The following chapter is copied from a thick book whose parchment covers bear traces of fire. The ink has faded, the paper has yellowed, the spelling is shaky, the handwriting full of flourishes and curlicues; it is difficult to decipher, the language is full of idioms, phrases of Basle dialect and Amerenglish. While the hand that wrote it is touchingly awkward and full of hesitations, the narrative itself is told directly, simply, even stupidly. The writer has not one word of complaint, he confines himself to narrating the events, enumerating the facts just as they happened. He does not exaggerate in the slightest degree.

I humbly translate:

31

'Towards the middle of January 1848, Mr Marshall, the carpenter from New Jersey who is building my mills, was working on the new sawmill at Coloma, high up in the mountains, fifty miles distant from the fort. Once the framework had been erected, I sent Mr Wimmer and his family up there, together with a number of workmen; Mr Bennett, from Oregon, accompanied them to oversee the installation and setting-up of the machinery.

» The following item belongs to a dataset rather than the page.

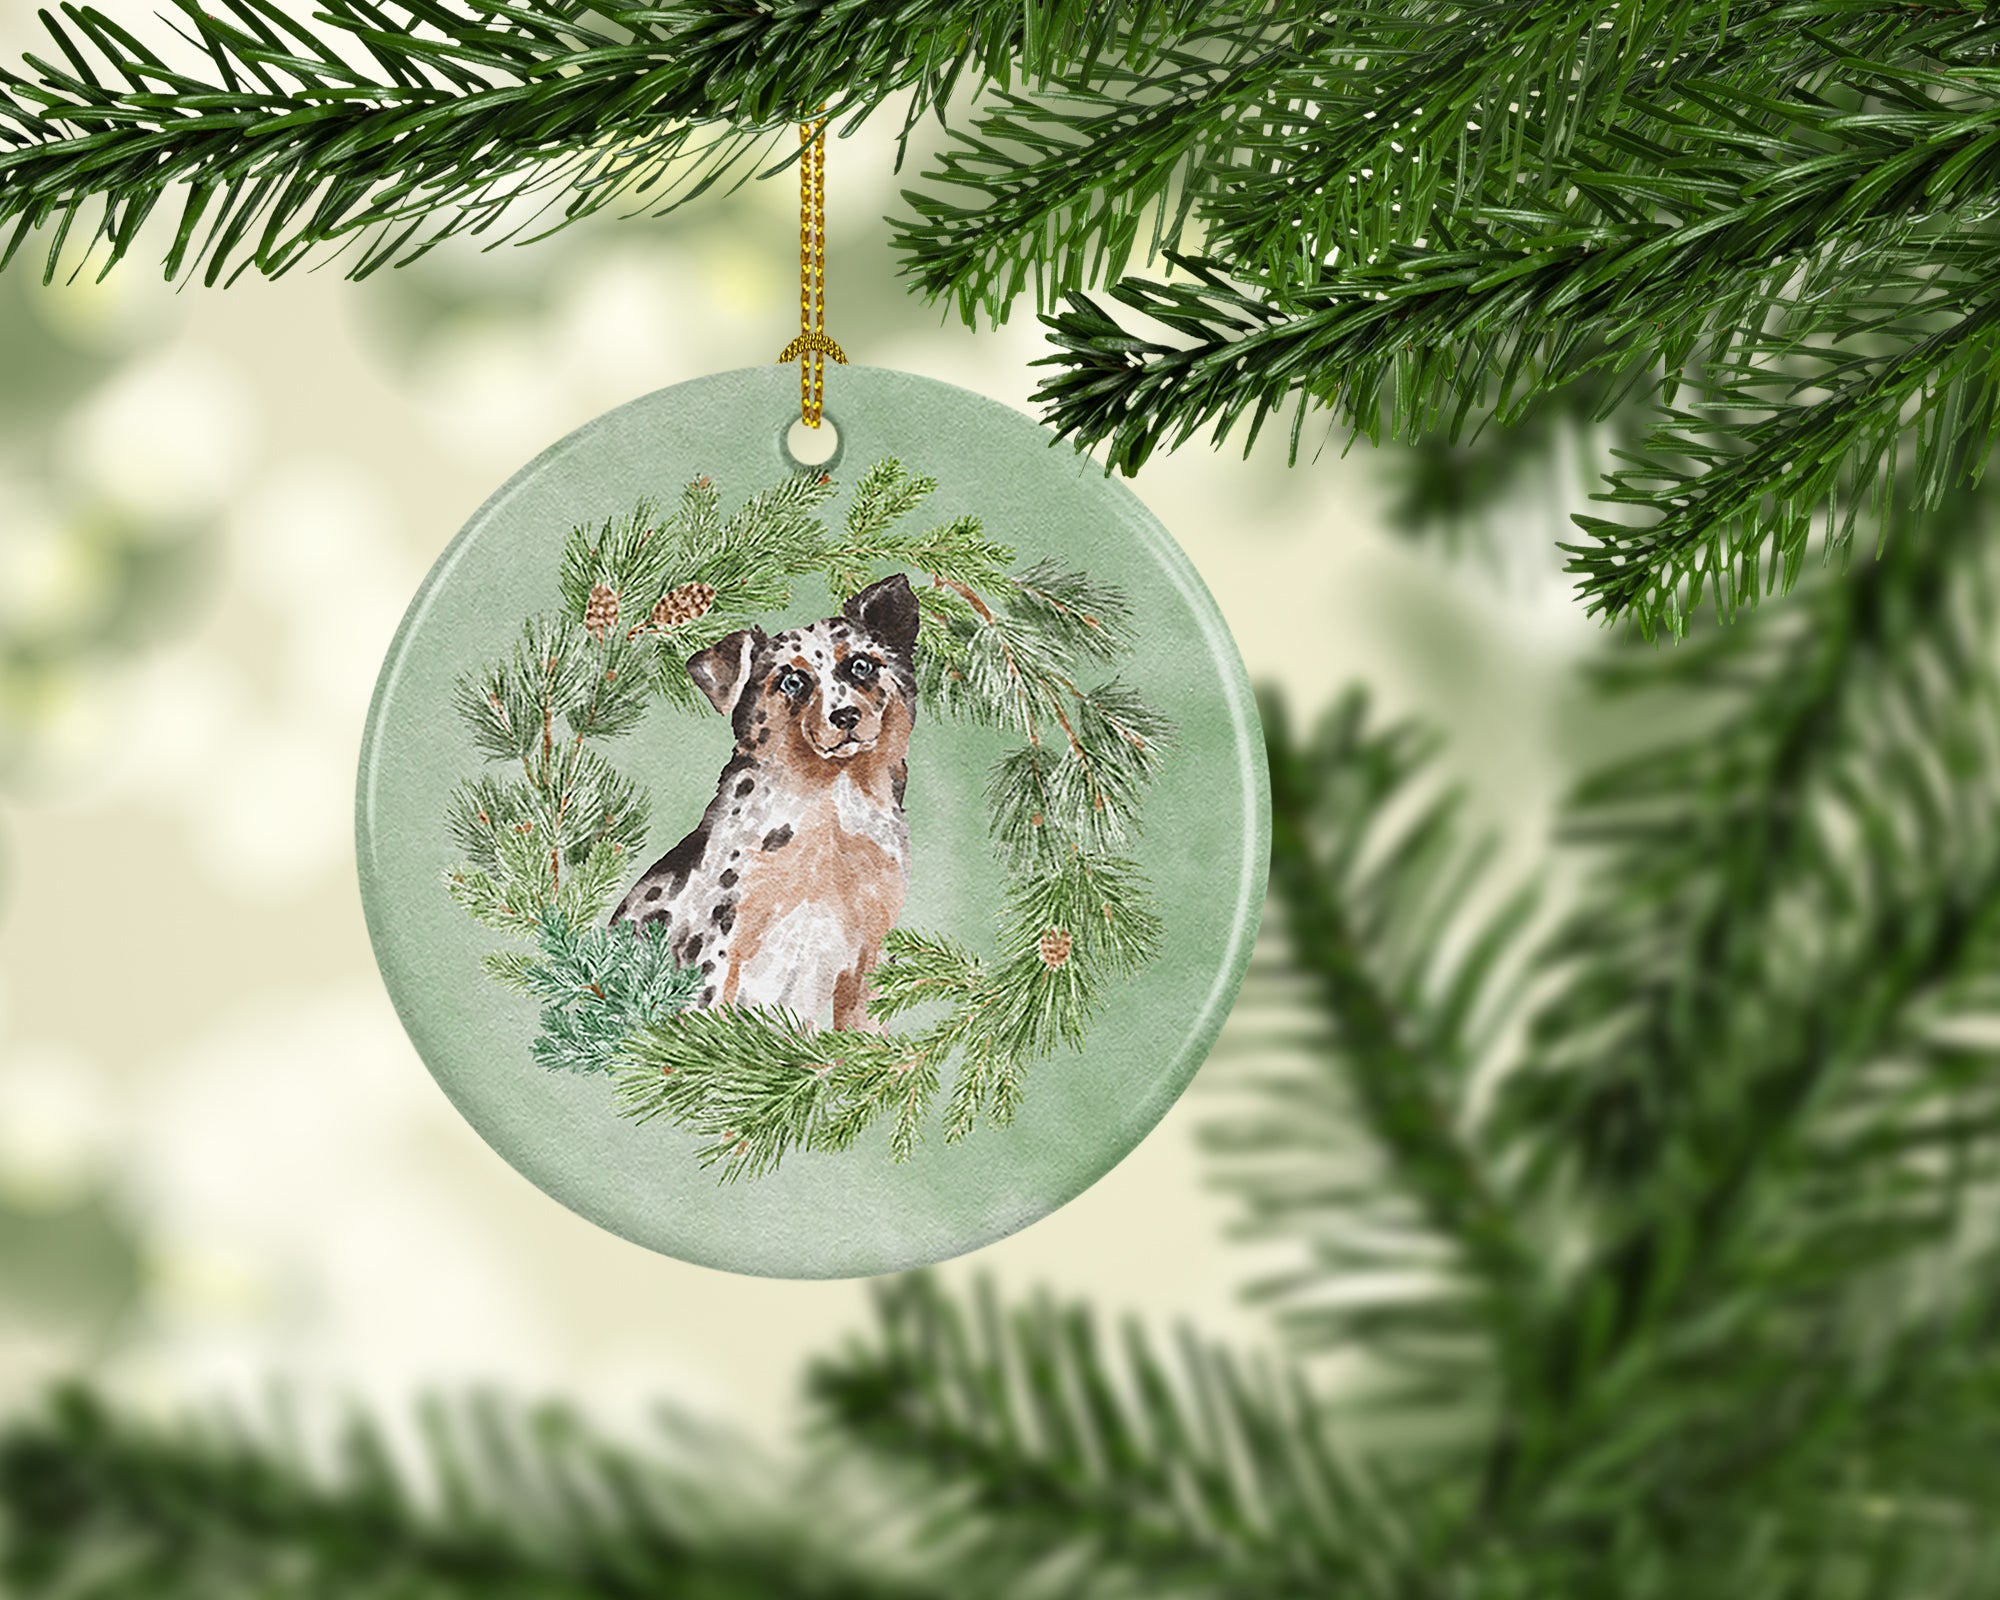 Buy this Australian Shepherd Blue Merle Shorthaired Christmas Wreath Ceramic Ornament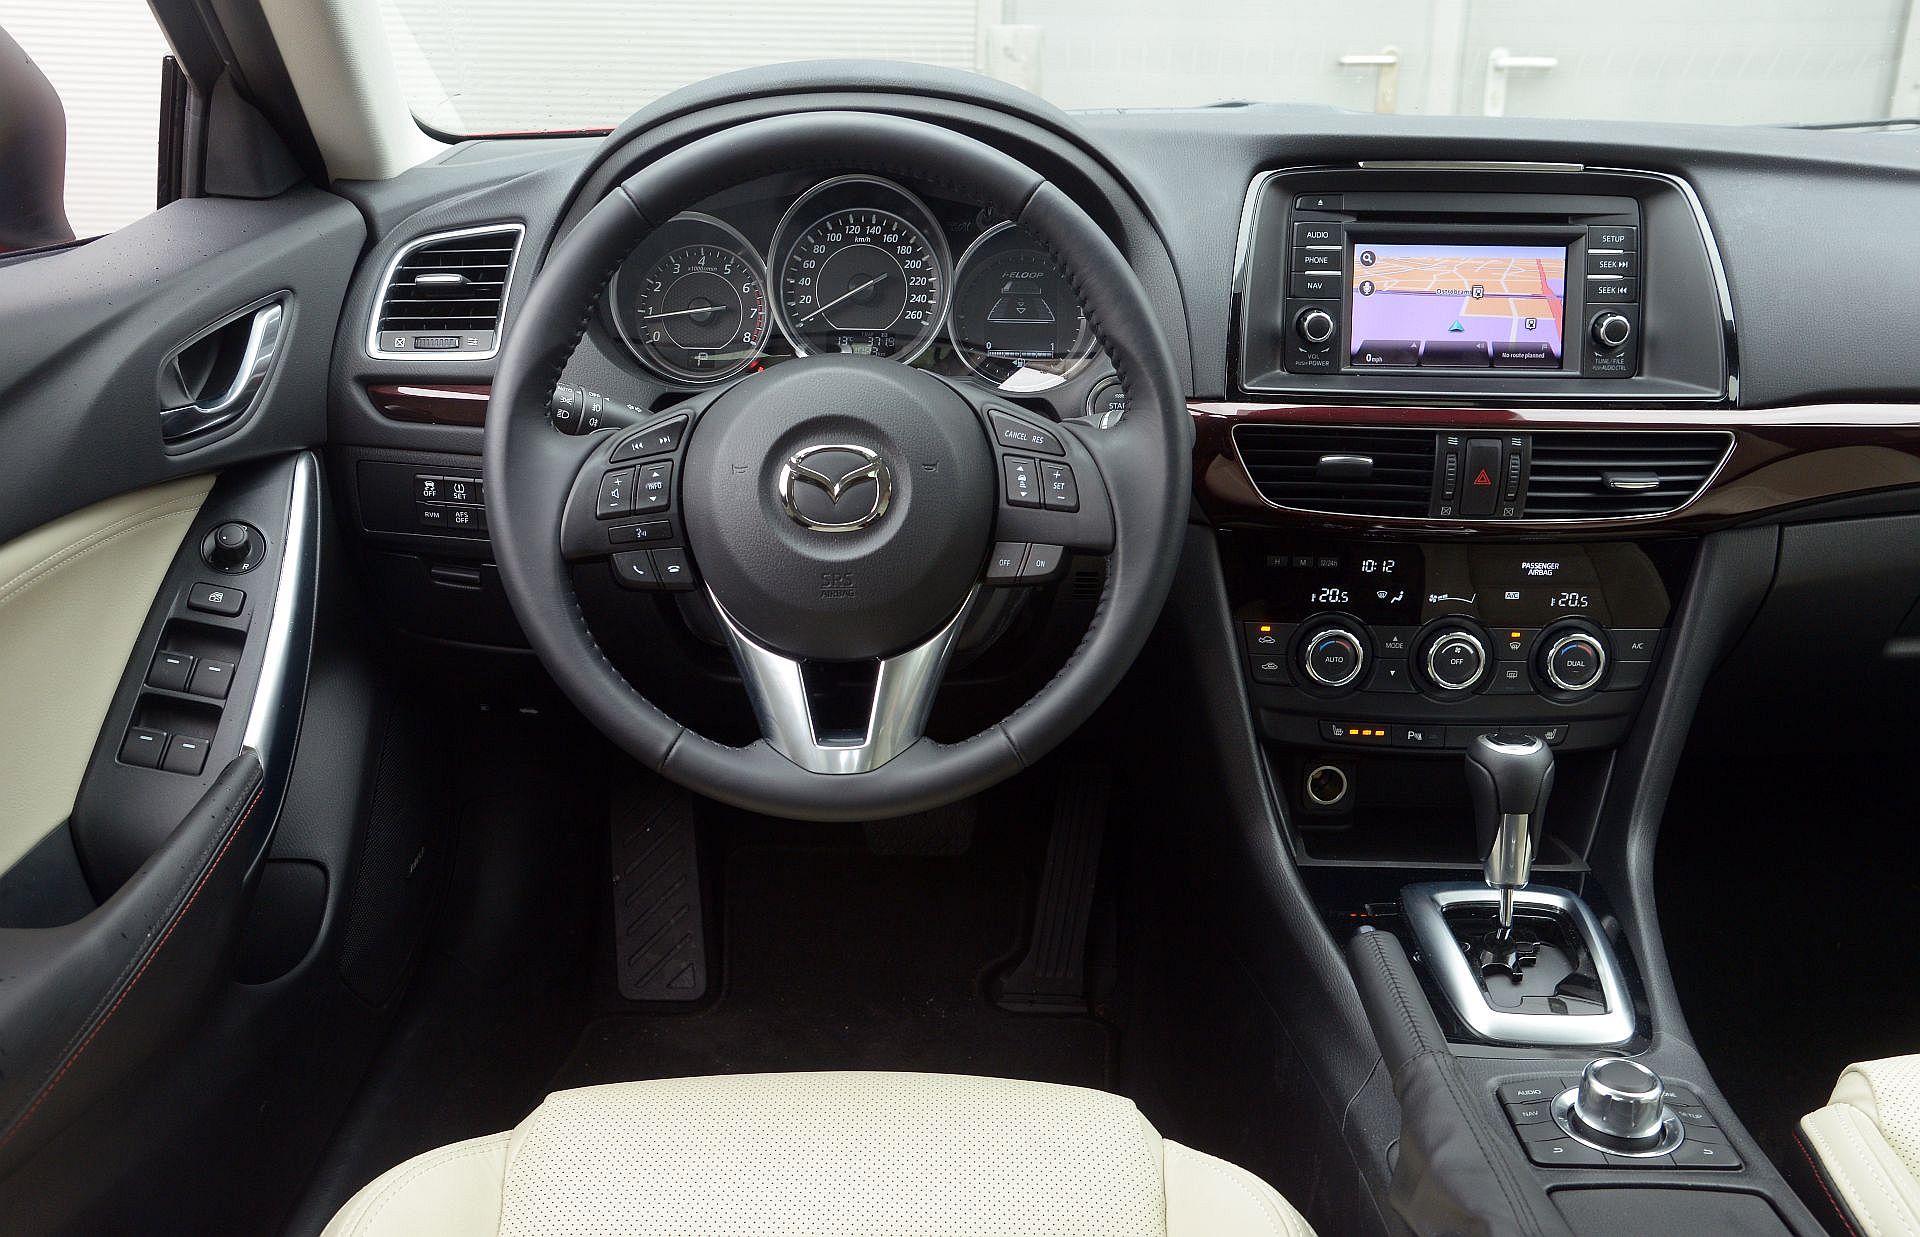 Używana Mazda 6 Iii (Gj/Gl; Od 2012 R.) - Opinie, Dane Techniczne, Typowe Usterki

Mrs Wimmer did the cooking for the whole party. I still required a sawmill as I was short of planks for my large steam-mill, which was also under construction, at Brighton. The boiler and machinery for this had just arrived after a journey of eighteen months. God be praised, I had never expected to see a successful outcome to this enterprise, and all the oxen survived, thank the Lord. I also needed planks for the construction of other buildings and especially for a stockade around the village of Yerba Buena, at the far end of the bay, for there are now many vessels in the harbour and the crews are wild and unruly, given to looting, so that much of the livestock and provisions disappear, one knows not how.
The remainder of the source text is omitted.